Afroswing, also known as Afrobashment, or less commonly Afrobbean or Afro-trap (not to be confused with the French genre), is a genre of music developed by African and Afro-Caribbean communities in the UK during the mid-2010s. It is derivative of Dancehall and Afrobeats, with influences from trap, British hip-hop, R&B, and grime. Commercially, the genre has been very successful, with many Afroswing artists making it into the British charts.

== Characteristics ==
Afroswing is largely defined by its melody rather than a specific tempo. Producer Steel Banglez stated the key elements of afroswing were happy or dark chords that "make you feel a certain way", and that "drum pattern is the most important thing about this whole sound, it's the snare that comes on the third. In hip-hop it comes on the fourth. Coming off the third beat comes from afrobeats."

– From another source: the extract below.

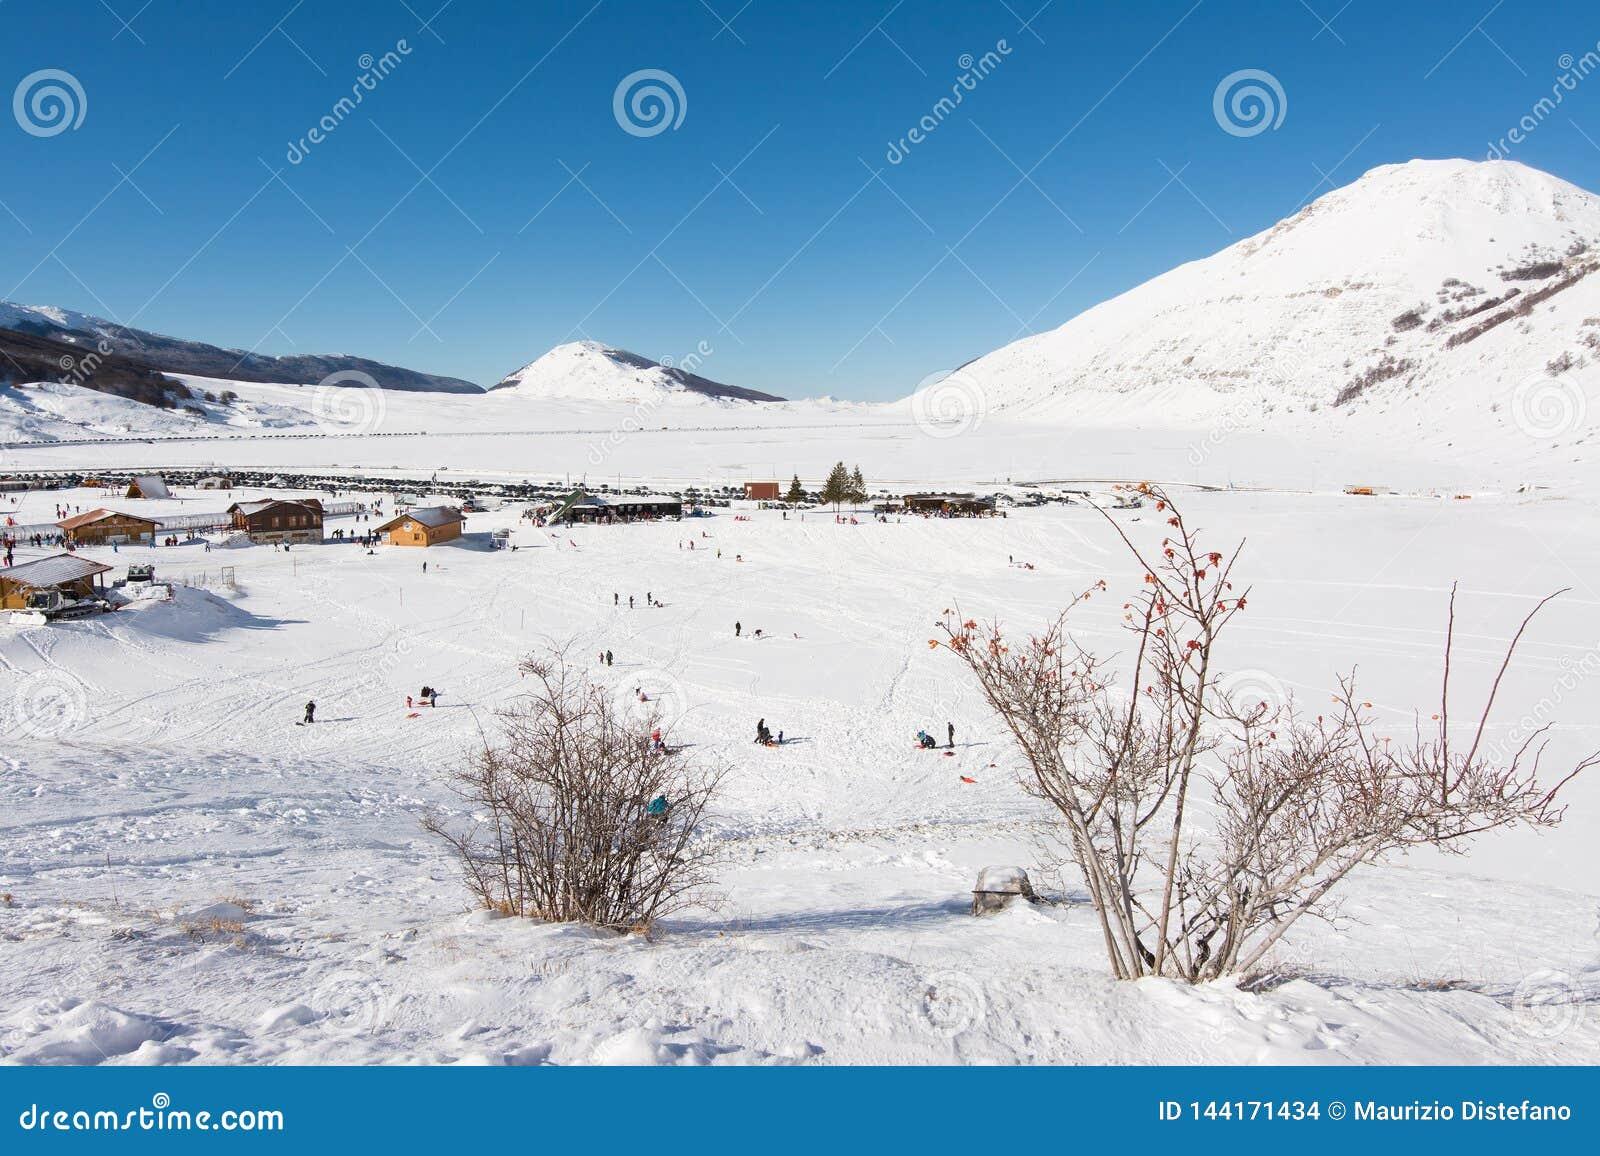 CAMPO FELICE, ITALIEN - 14. Januar 2017: berühmtes Skiort in Abruzzo, auf den Apennines-Bergen, einige Kilometer von Rom

Martin Connor, an expert in vocal melodies and rap analysis, described the characteristics of the genre as being "[…] technically in 4/4, what you will hear over and over again is this recurring pattern made up of three notes that are still repeated in the framework of a 4/4 time signature […] You can hear the inspirations of Jamaican music in the rhythm except Jamaican music doesn’t have a bass kick and the snare – that’s hip hop, that’s traditional rap. So this is that translation of cultures happening subtly in the instrumentation. Yet it still has a hip hop sensibility in terms of lyrical focus and music videos: cars, money, authenticity, hardness".

== Origins ==
The rise of afroswing is in large part a result of the slow acceptance of African-derived sounds in the UK. The first genre to really embrace African-influenced music and push it into the mainstream was UK funky via artists such as Donae'o, and in the mid-2010s, afrobeats, with artists such as Mista Silva, Kwamz, Fuse ODG, and Timbo gaining mainstream success through their afrobeats sound. Around the same time, artists such as Sneakbo and Timbo were incorporating melodic rap and Caribbean influences into their music. These artists collectively set the foundation for what would turn into afroswing, and contributed to the rise of youth embracing their African heritage. In 2010, Sneakbo released "Touch Ah Button", an early example of the merger of dancehall and afrobeats influences. In February 2014, Timbo and Mover released "Ringtone", which DJ Kenny Allstar credited as opening "the door to the bridge of Afro-rap and the evolution of Afroswing, which was essentially someone laying a hook over a rap record".

The rise of producers Jae5, Blairy Hendrix, Joshua Beatz, and rapper J Hus saw the sound distinguish and cement itself. Together they fused afrobeats, bashment, and trap, along with a melodic style of rapping with gritty, hood lyrical themes derivative of road rap. J Hus and Timbo have both received credit for pioneering the genre.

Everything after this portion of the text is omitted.